Project Description:
Description | Link |
---|---|
Notebook | Explanatory notebook with EDA and Training of XCeption Model |
Second Notebook | Explanatory notebook with Traning and tunning of VGA16 Model |
Third Notebook | Notebook TF to TFLite Conversion |
DockerFile | dockerfile |
XCeption Deployed Model | Tflite Xception |
Lambda Function | Lambda function |
test.py | To test a fruit prediction |
Project Structure:
ML_Zoomcamp-Capstone-Project/ # Main Folder
├── data # directory where the data should be placed
│ ├── fruits-360 # data directory
│ │ ├── papers
│ │ ├── preview
│ │ ├── Test
│ │ ├── test-multiple_fruits
│ │ └── Training
│ └── fruits-360-original-size # alternative dataset still in works (do not use)
├── img # images for readme
│ ├── deployment # images of deployment
│ ├── notebooks # images from the notebook
│ └── test_own_fruits #url images of fruits that can be tested
├── models # models tflite and .h5
└── __pycache__
In my project I decided to use two CNN architectures: VGG16 and XCeption, both are considered quite good for image classification tasks, and should make the task of classifying tons of fruit images duable.
VGG16:
XCeption:
Model | Train | Validation | Test |
---|---|---|---|
XCeption Vanila | 99.60% | 94.48 % | 90.45% |
Tuned XCeption | 99.07% | 96.41% | 92.94% |
VGG16 Vanila | 99.60% | 96.50% | 91.99% |
VGG16 Tuned | 99.46 | 97.33% | 95.53% |
Model chosen for deployment: XCeption In this case I choose XCeption because, even though VGG16 was obtaining a higher accuracy, it failed to generalize to images outside the main dataset, this should be further optimized.

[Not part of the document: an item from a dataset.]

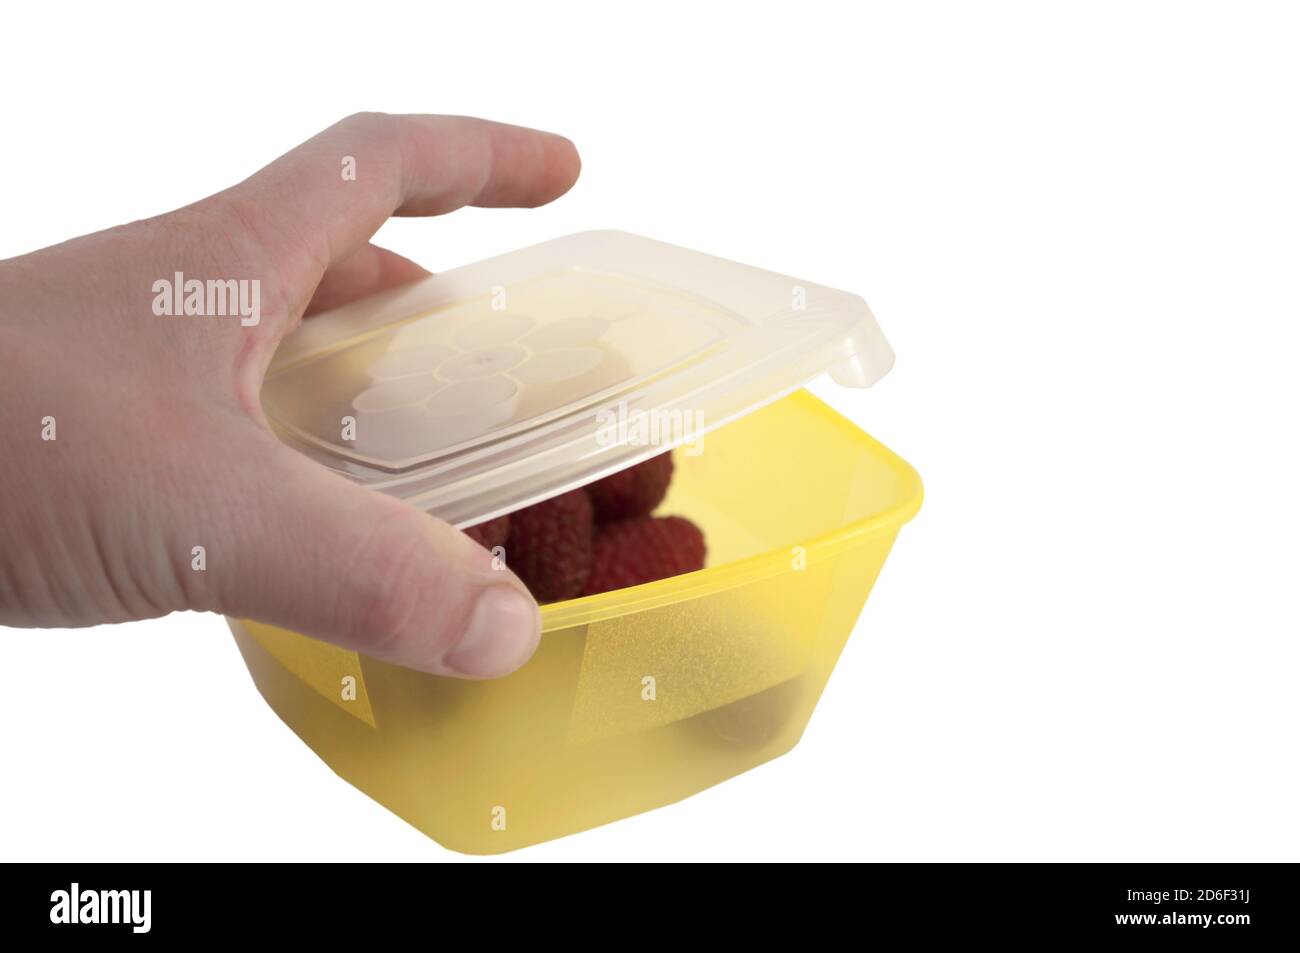 La mano femminile copre il coperchio di una scatola per il pranzo con lamponi, cibo sano sulla strada, isolato su uno sfondo bianco Foto Stock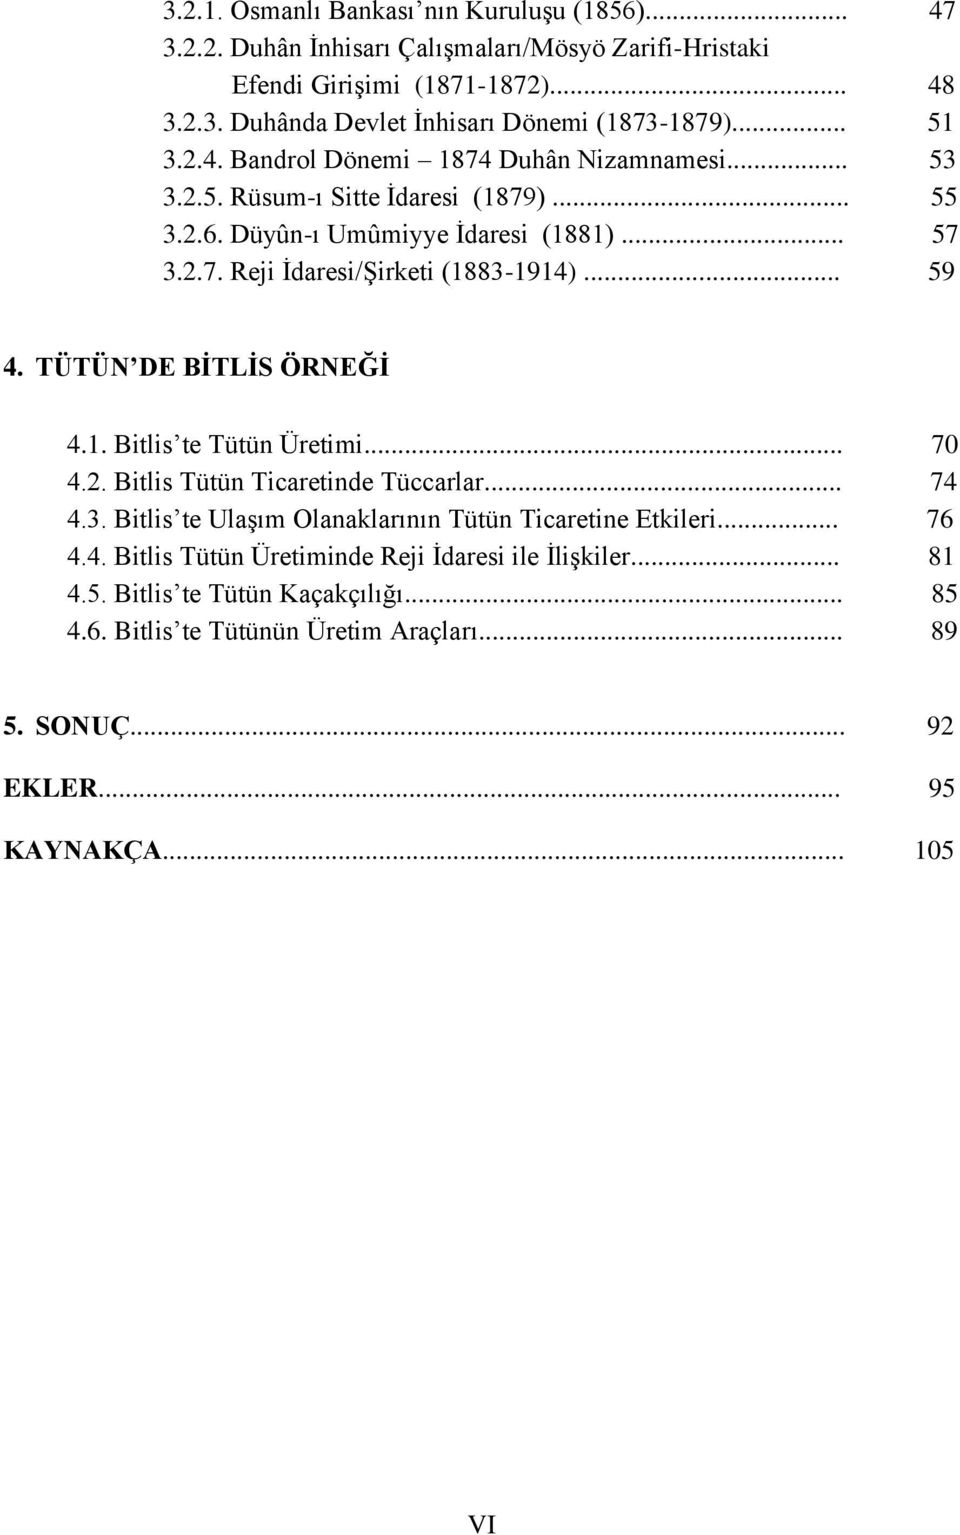 .. 59 4. TÜTÜN DE BİTLİS ÖRNEĞİ 4.1. Bitlis te Tütün Üretimi... 70 4.2. Bitlis Tütün Ticaretinde Tüccarlar... 74 4.3. Bitlis te Ulaşım Olanaklarının Tütün Ticaretine Etkileri... 76 4.4. Bitlis Tütün Üretiminde Reji İdaresi ile İlişkiler.

The model was deployed using TFLite, You can see the output for the image I prepared like this:
Python version: Python 3.8
🐍
Versions/requirements used inside the virtual environment:
keras-image-helper
tflite-aws-lambda
Before running this dockerbuild, please verify you got docker daemon running.
$ sudo systemctl start docker
OR:
$ sudo /etc/init.d/docker start
For arch based systems:
$ systemctl start docker.service
To build the docker image I prepared from this project, move inside the main directory, and run the following command :
$ docker build -t fruits-model .
Now run the docker build mapping the port 8080 to your host computer.
docker run -it --rm -p 8080:8080 fruits-model
You should see:
Inside another terminal session, run the following command inside the main folder of the project:
python test.py
You should see(This really long input):
This is the output for the image I prepared, we can see that is indeed a 🍌
This image for testing I downloaded from Google ( it's not from the dataset), you can try your own images too, just change the data = {'url': 'https://i.imgur.com/Wj4Lajm.png'}
Inside test.py
for the image url of your choice.
The repository was created with the following command:
aws ecr create-repository --repository-name fruits-tflite-images
Output:
Pushing the docker image to the cloud:
Testing the aws lambda function:
In this fruits project, I used AWS Lambda to deploy my docker container to the cloud , I followed the steps described in zoomcamp week 9 from Alexey Grigorev . To run this easily , you should simply uncomment the following lines from test.py
#url = 'http://localhost:8080/2015-03-31/functions/function/invocations'
url= "https://w832b3ab81.execute-api.us-east-1.amazonaws.com/Test/predict"
Now, simply run
python test.py
Inside the main Folder, you should see the following output:
[1] https://github.com/alexeygrigorev/mlbookcamp-code "Alexey Grigorev"
[2] Chollet, F. (2021). Deep learning with Python. Simon and Schuster.